- Problem requirements
Repeat nothing but the lines below running from the one containing "Tom Tailor Herren" to the one containing "Mrsrui Twin Bedding". Keep both end lines.

- Exercise input
^^^^

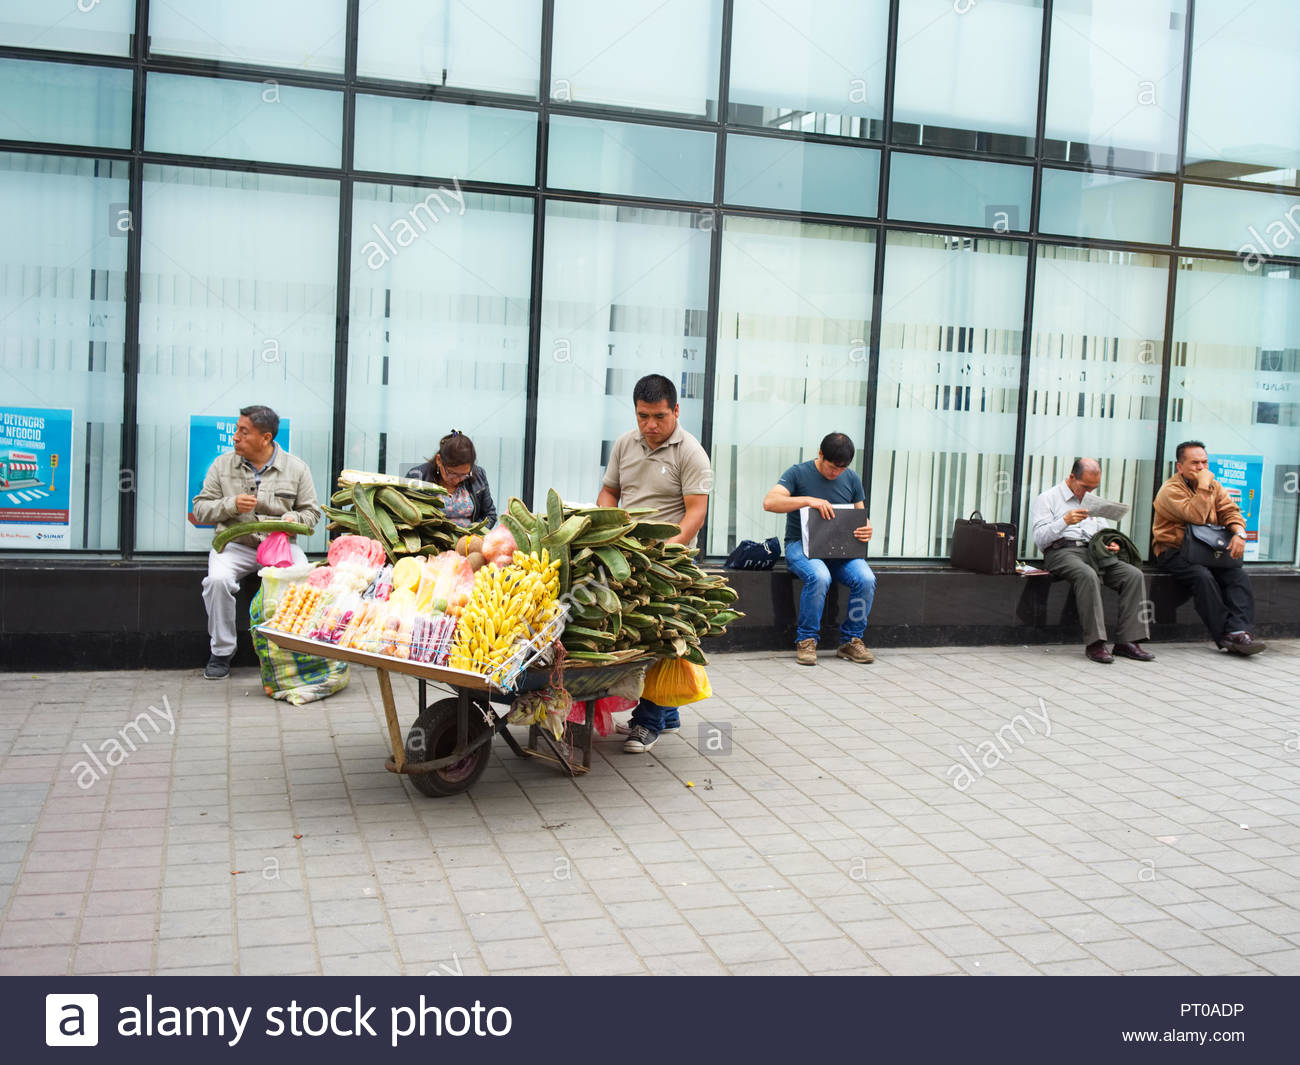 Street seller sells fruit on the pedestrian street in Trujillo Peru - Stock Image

^^^^

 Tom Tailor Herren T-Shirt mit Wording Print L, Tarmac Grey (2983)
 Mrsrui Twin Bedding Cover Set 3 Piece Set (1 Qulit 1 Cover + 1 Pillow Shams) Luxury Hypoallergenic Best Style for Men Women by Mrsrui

^^^^

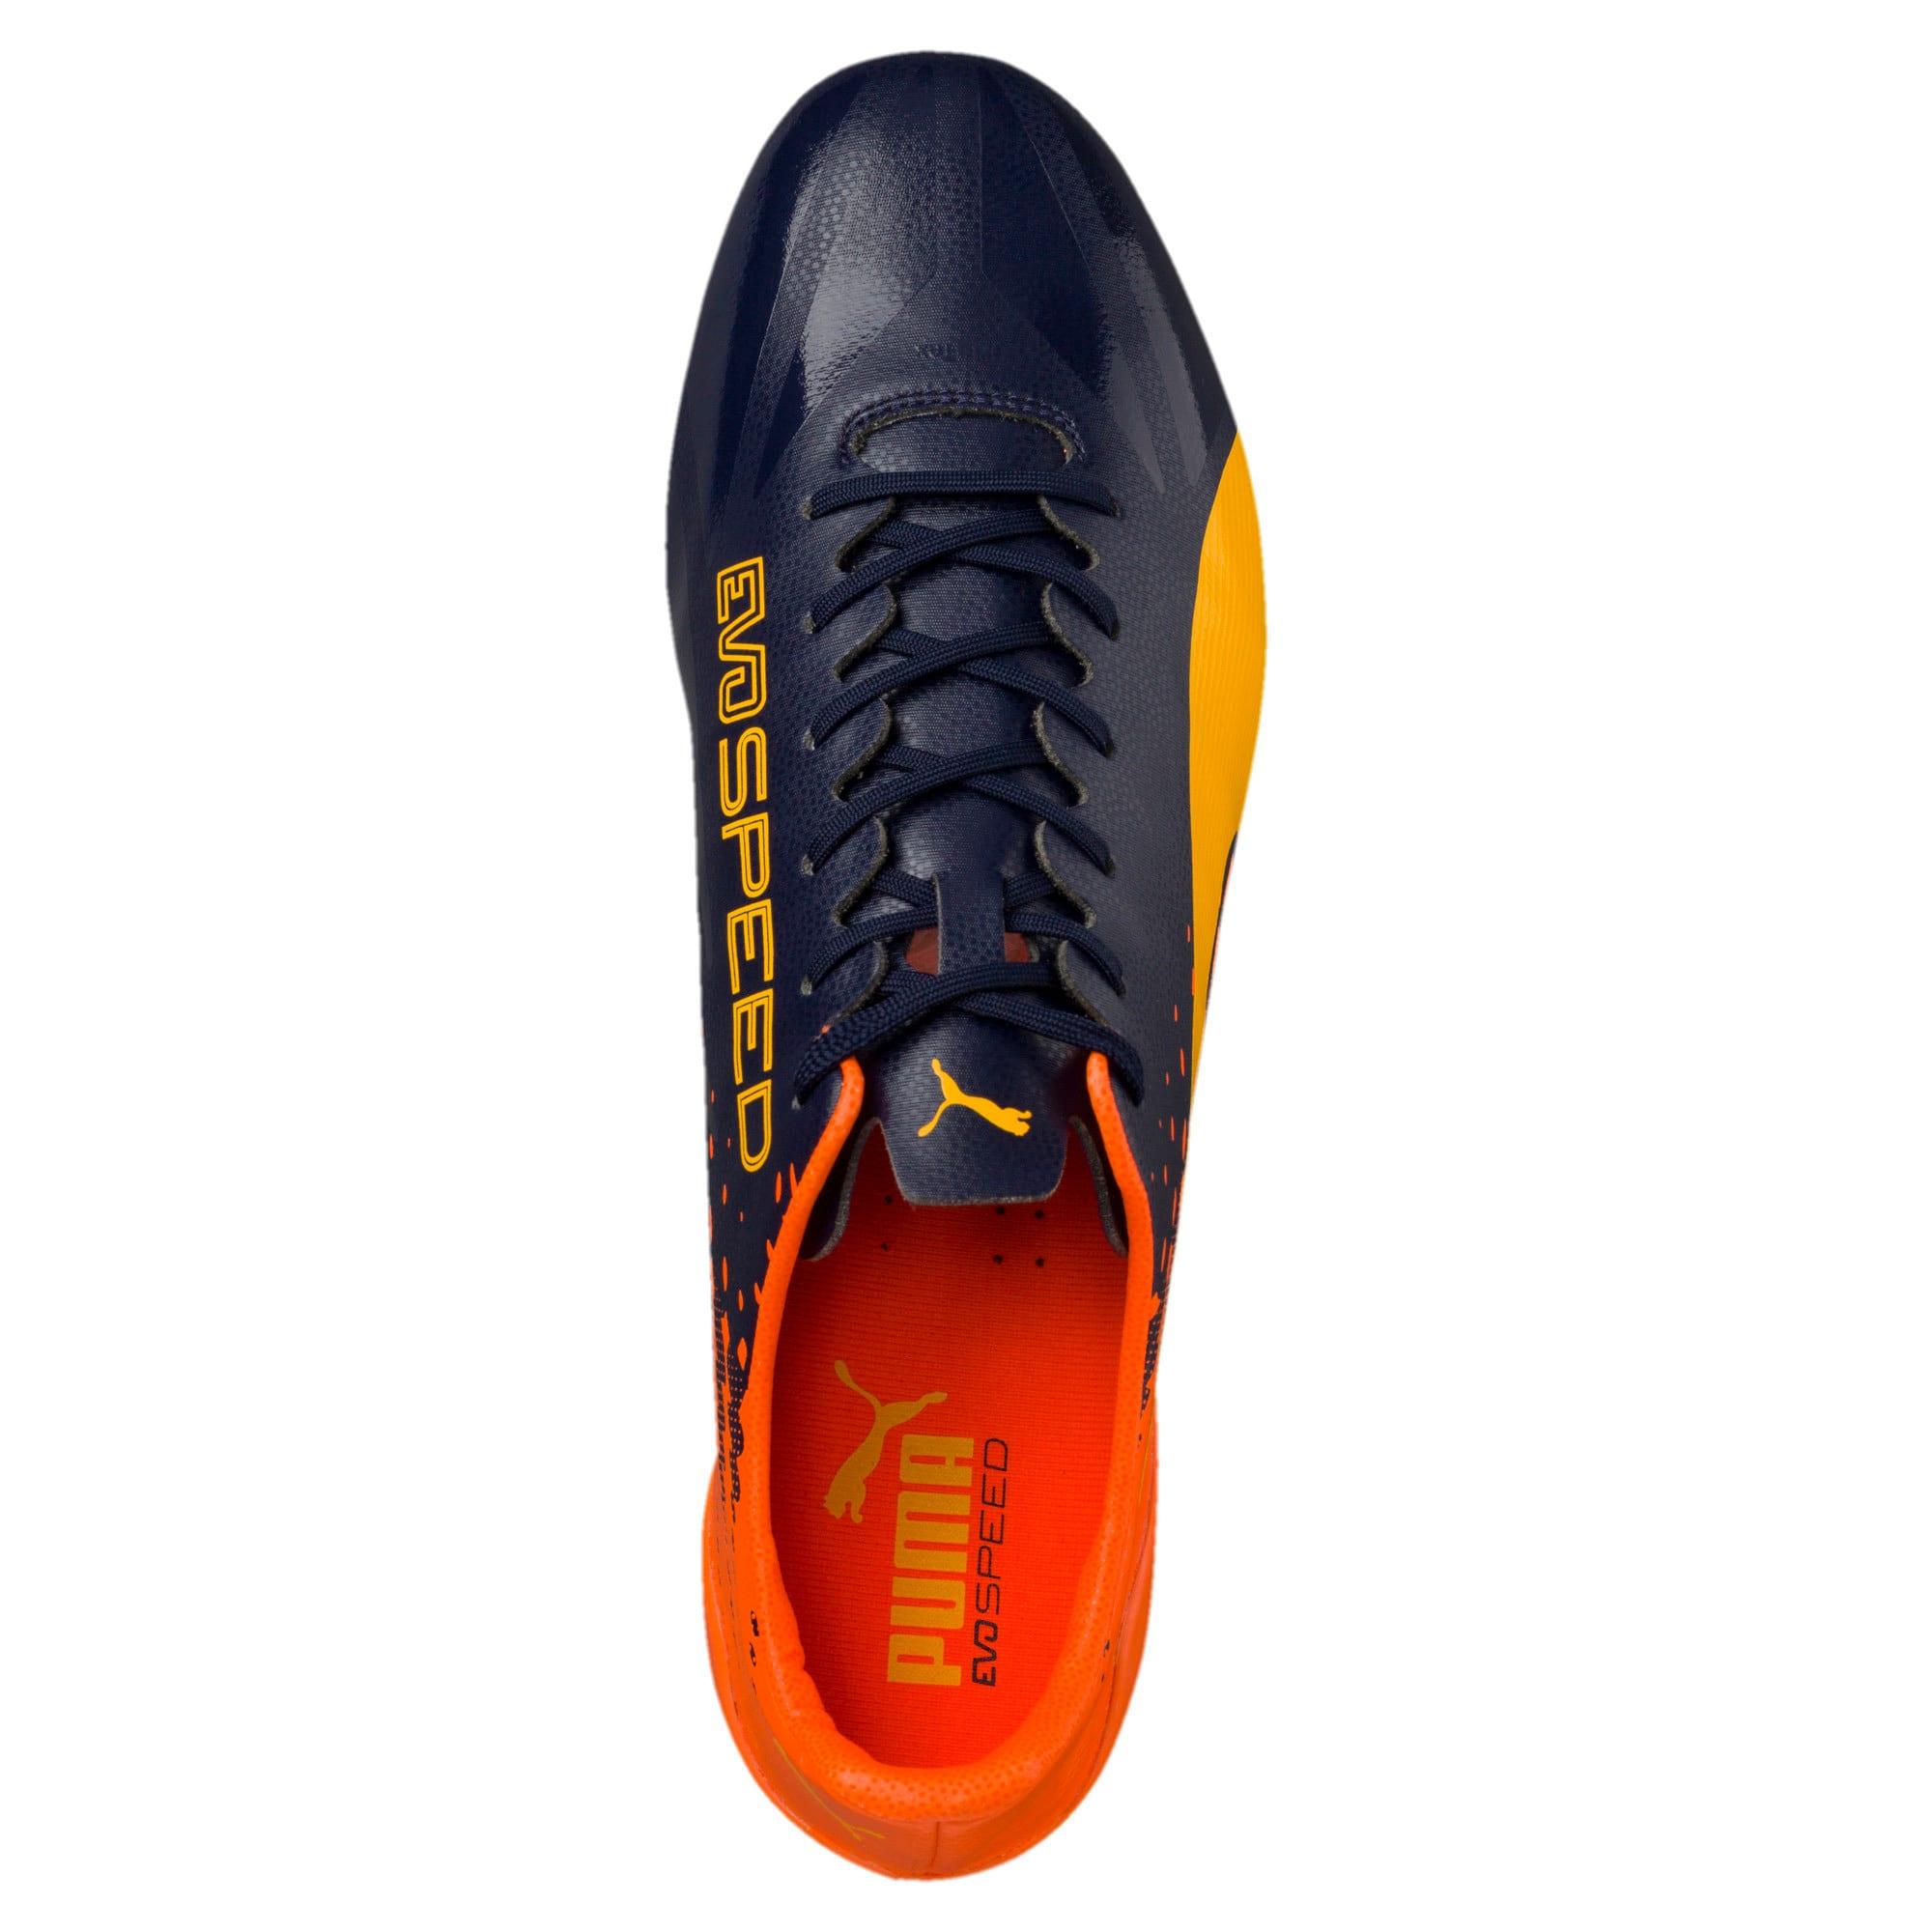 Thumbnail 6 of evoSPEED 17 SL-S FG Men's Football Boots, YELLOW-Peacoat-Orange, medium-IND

^^^^

- Response for this exercise
 Tom Tailor Herren T-Shirt mit Wording Print L, Tarmac Grey (2983)
 Mrsrui Twin Bedding Cover Set 3 Piece Set (1 Qulit 1 Cover + 1 Pillow Shams) Luxury Hypoallergenic Best Style for Men Women by Mrsrui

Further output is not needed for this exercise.